Аня подошла к витрине «Титаника» с неуместным французским триколором и двумя руками потянула дверцу. В отражении блеснуло небо в кружевах облаков, белые красавицы-берёзы вдоль дороги и синяя чаша залива.

— Только представь: блинчики с маслом, блинчики с мясом, блинчики с икрой…

В помещении было чисто и ухоженно. Пастельно-голубые стены оттеняли фотографии круизных лайнеров начала XX века, с карнизов тяжёлыми волнами свисали кремовые занавески. Деревянные стулья, старинные шкафы с псевдоантиквариатом… у двери — доска объявлений. Объявления хлопали на сквозняке, будто маленькие ладошки: экскурсии и отели, такси и прогулочные катера.

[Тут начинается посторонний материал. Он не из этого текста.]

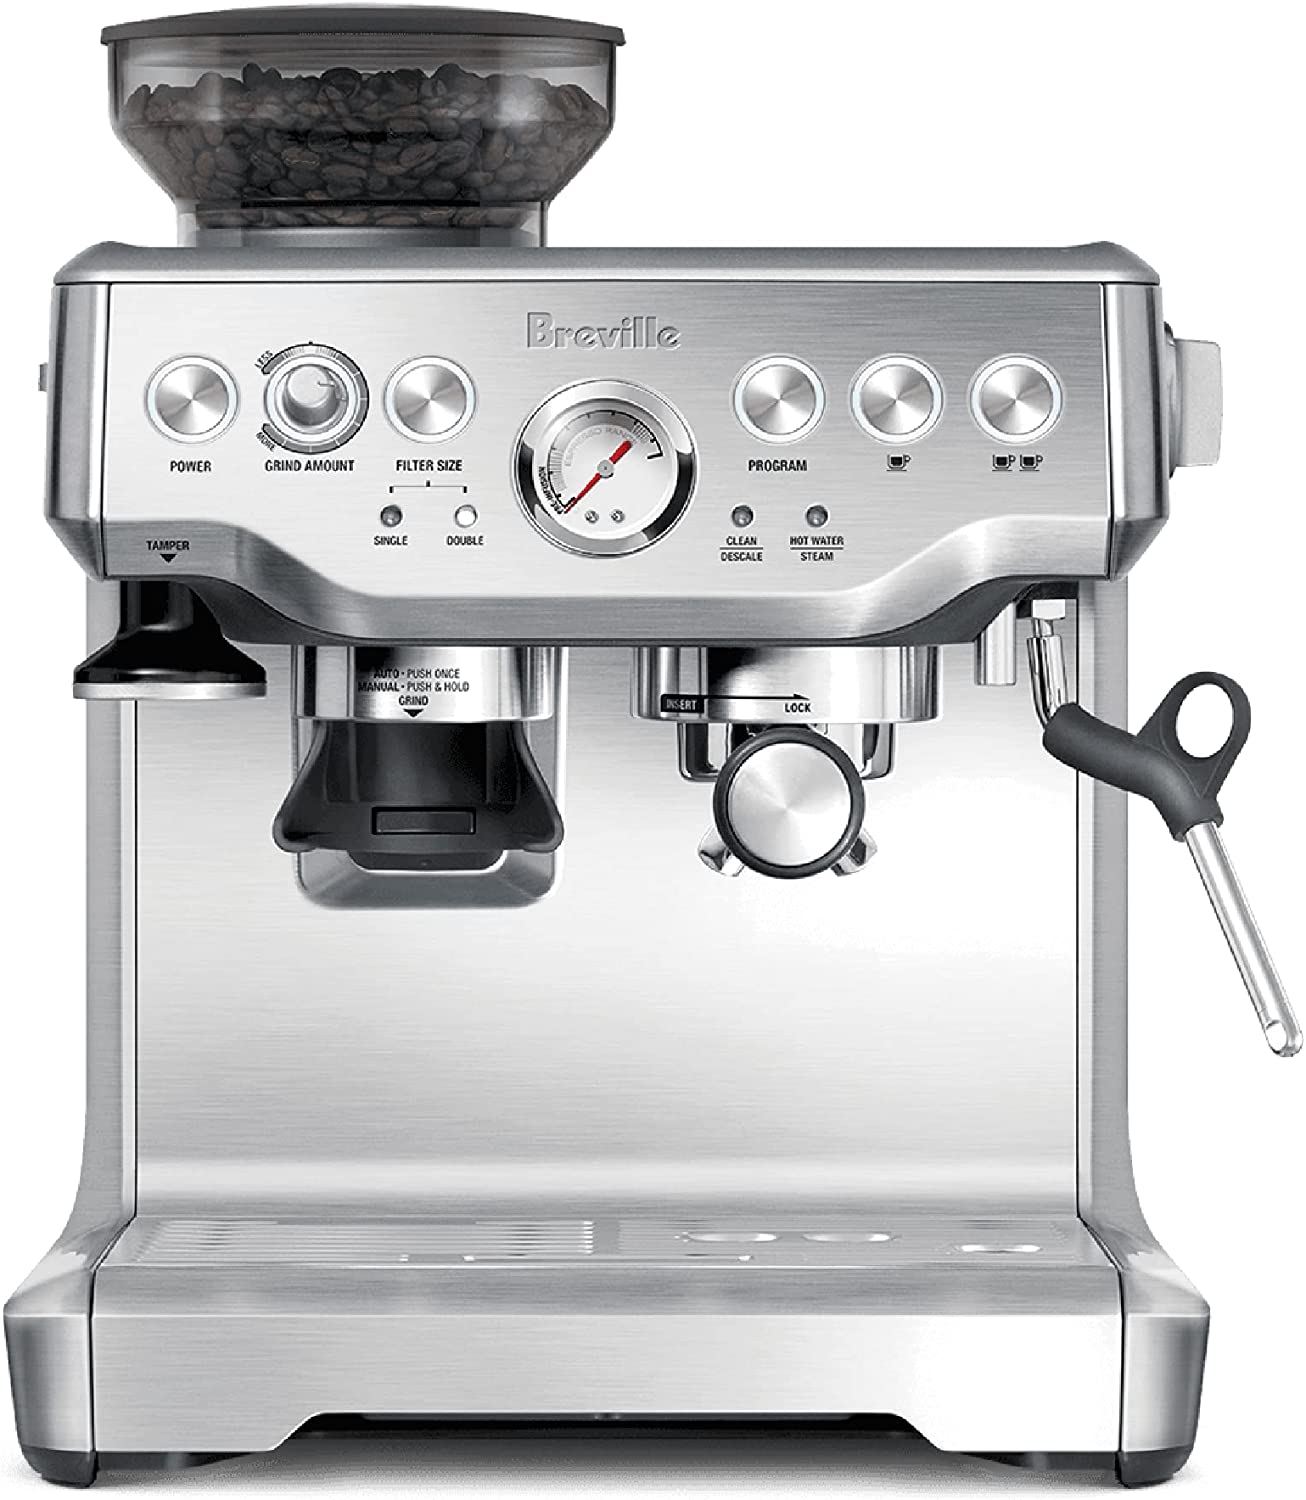 Espresso, French Press, or Drip? How to Pick the Right Coffee Maker for You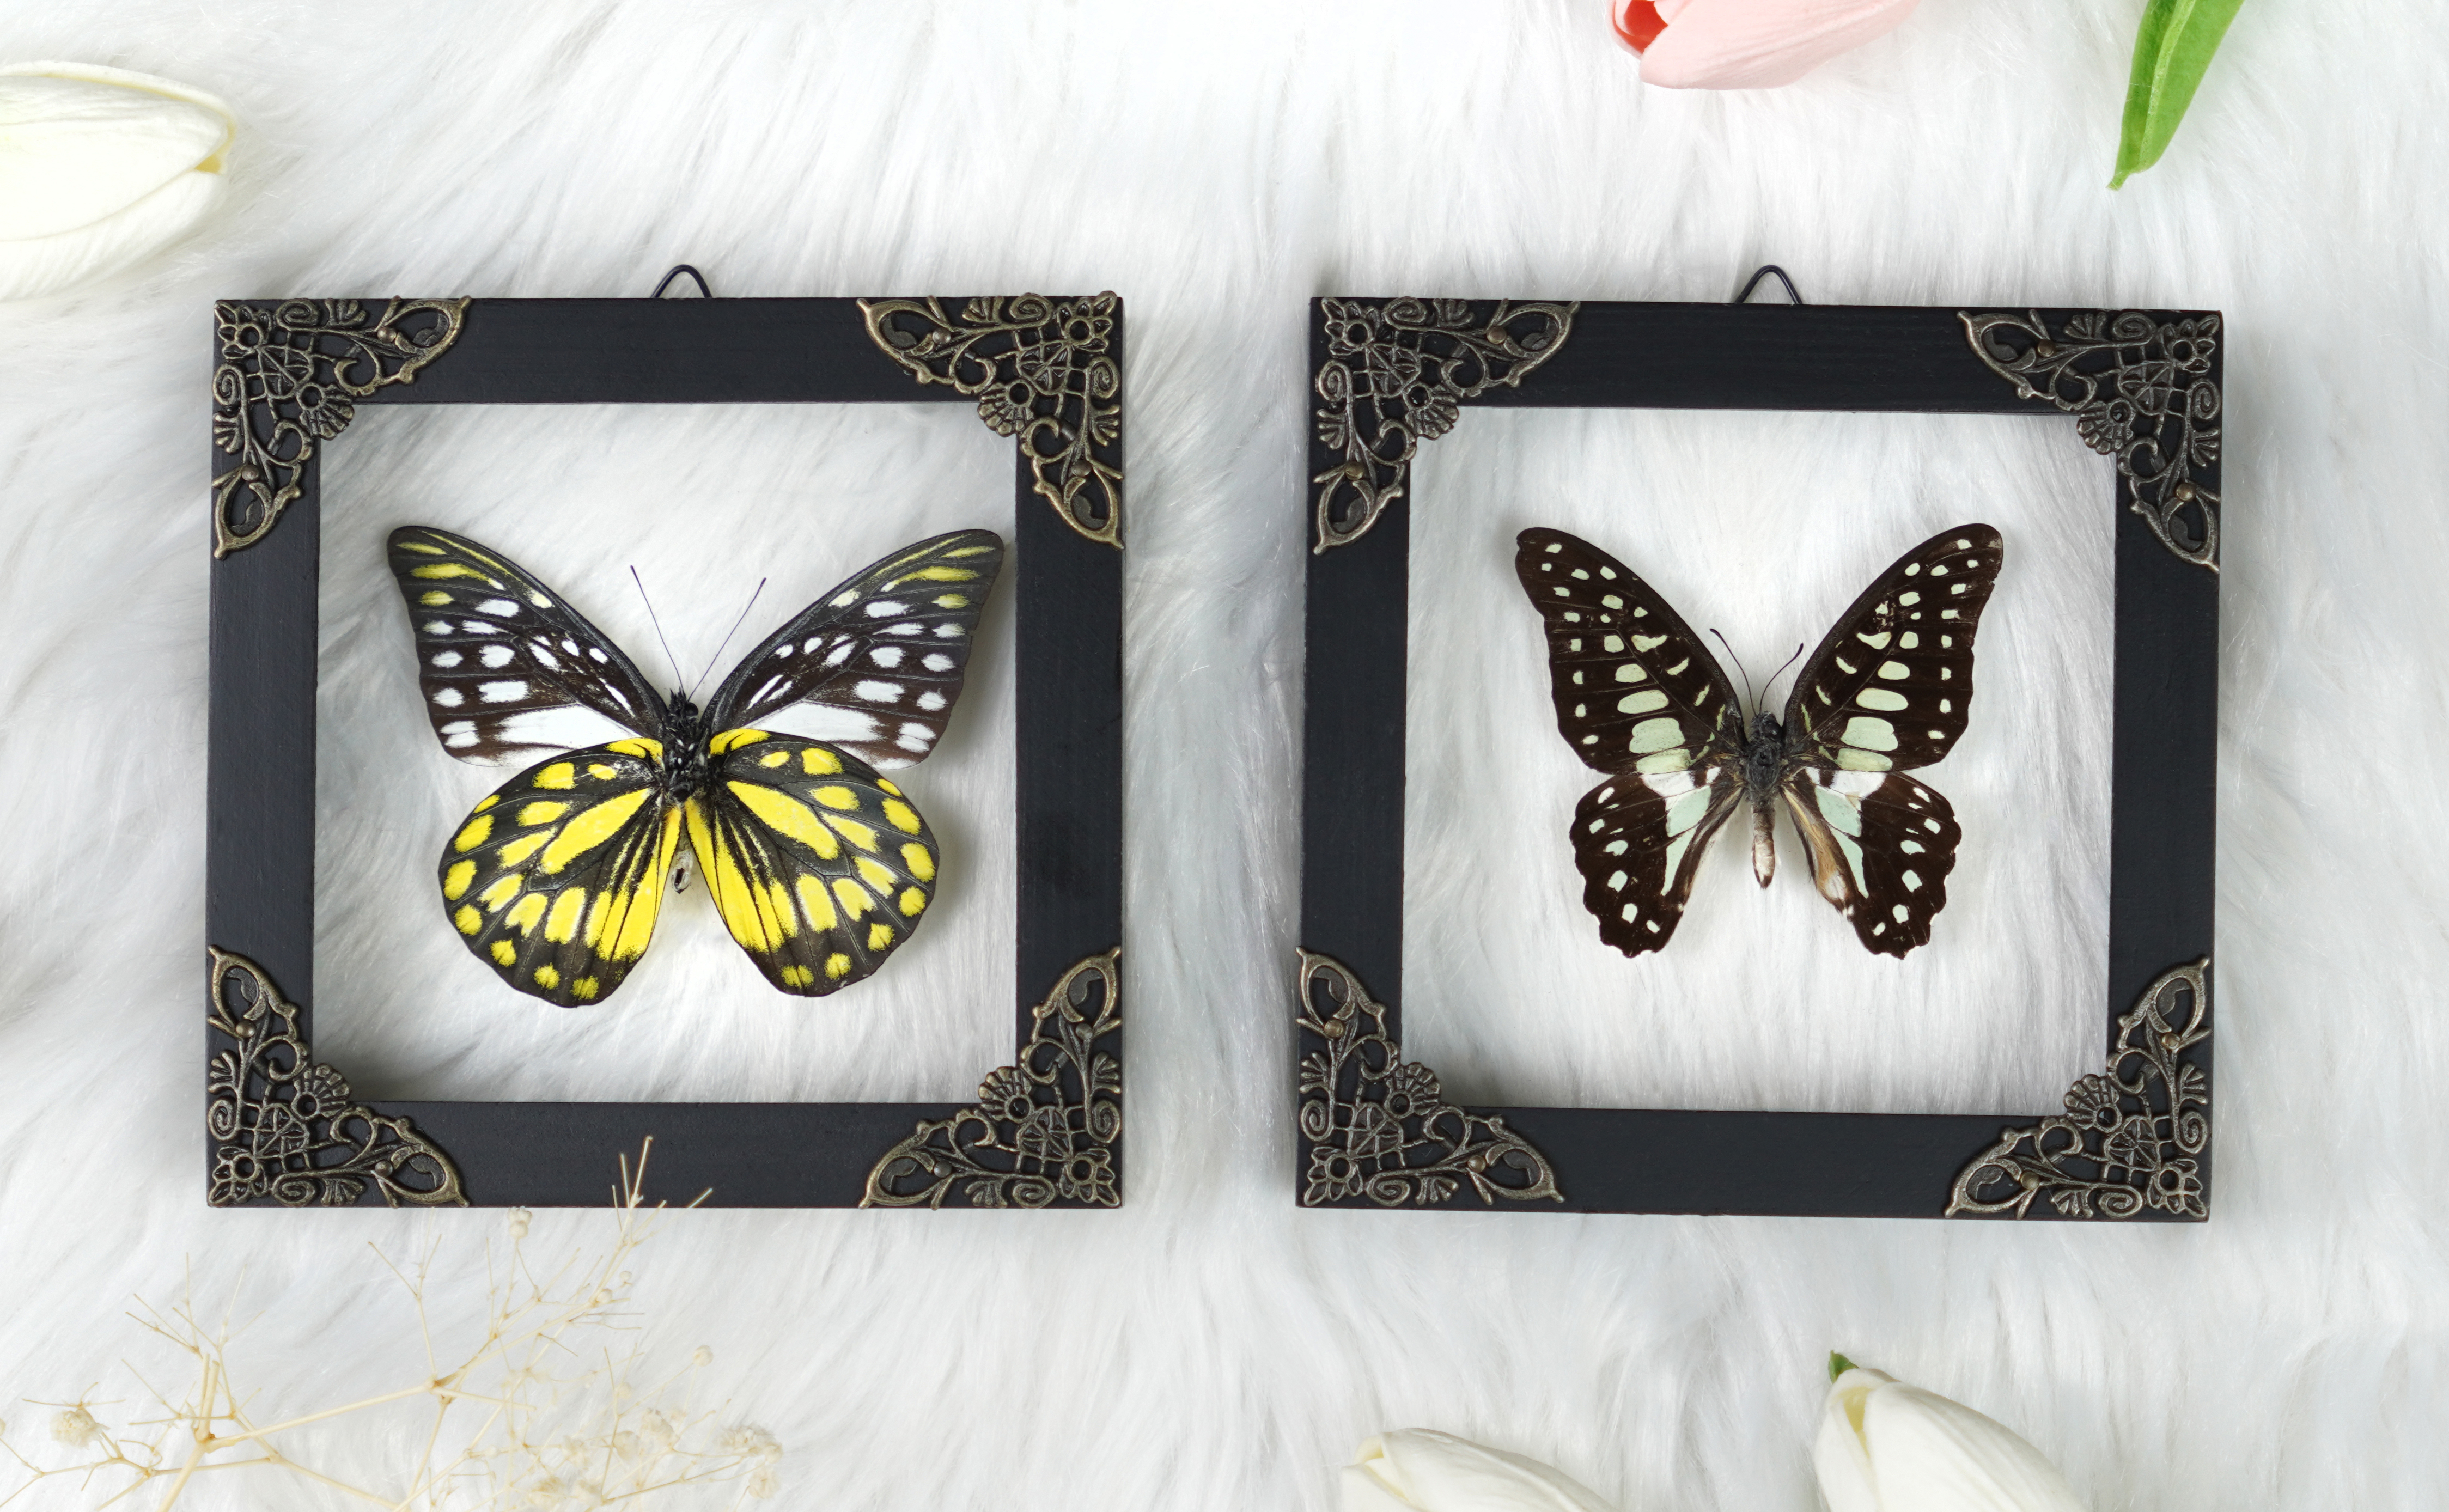 Taxidermy Butterfies Framed Shelf Gothic Decor - Dried Insect Spooky Floating Wall Decor K12-10KINH11KINH

–…Блинчики с зеленью. Блинчики с грибами, блинчики с шпинатом… — Желудок утробно заурчал и окончательно прилип к позвоночнику. — …Блинчики с сыром, блинчики с ягодами…

— Галактионова, мать твою! Сядь уже.

Аня сделала вид, что закрывает рот на замок, и оглядела кафе. Ее внимание привлёк столик между стеной и окном: ближний к выходу стул задвинули, дальний — стоял едва ли не в проходе. На стене блестели бежевые потёки. Эта неправильность притягивала, раззадоривала, и Аня села на ближний к выходу стул, закинув ногу на ногу.

Рыжий швырнул куртку на вешалку, упал на место у стены и тут же вскочил, закружился, словно пёс, который ловил свой хвост. На пятой точке Герасимова-младшего стремительно темнело пятно.

— Какого?..

— Седушки кусаются? — поинтересовалась Аня.

Рыжий наклонился и понюхал стул. Ласточками полетели салфетки.

— Кофе!

— Всё субъективно. Представь, что его нет.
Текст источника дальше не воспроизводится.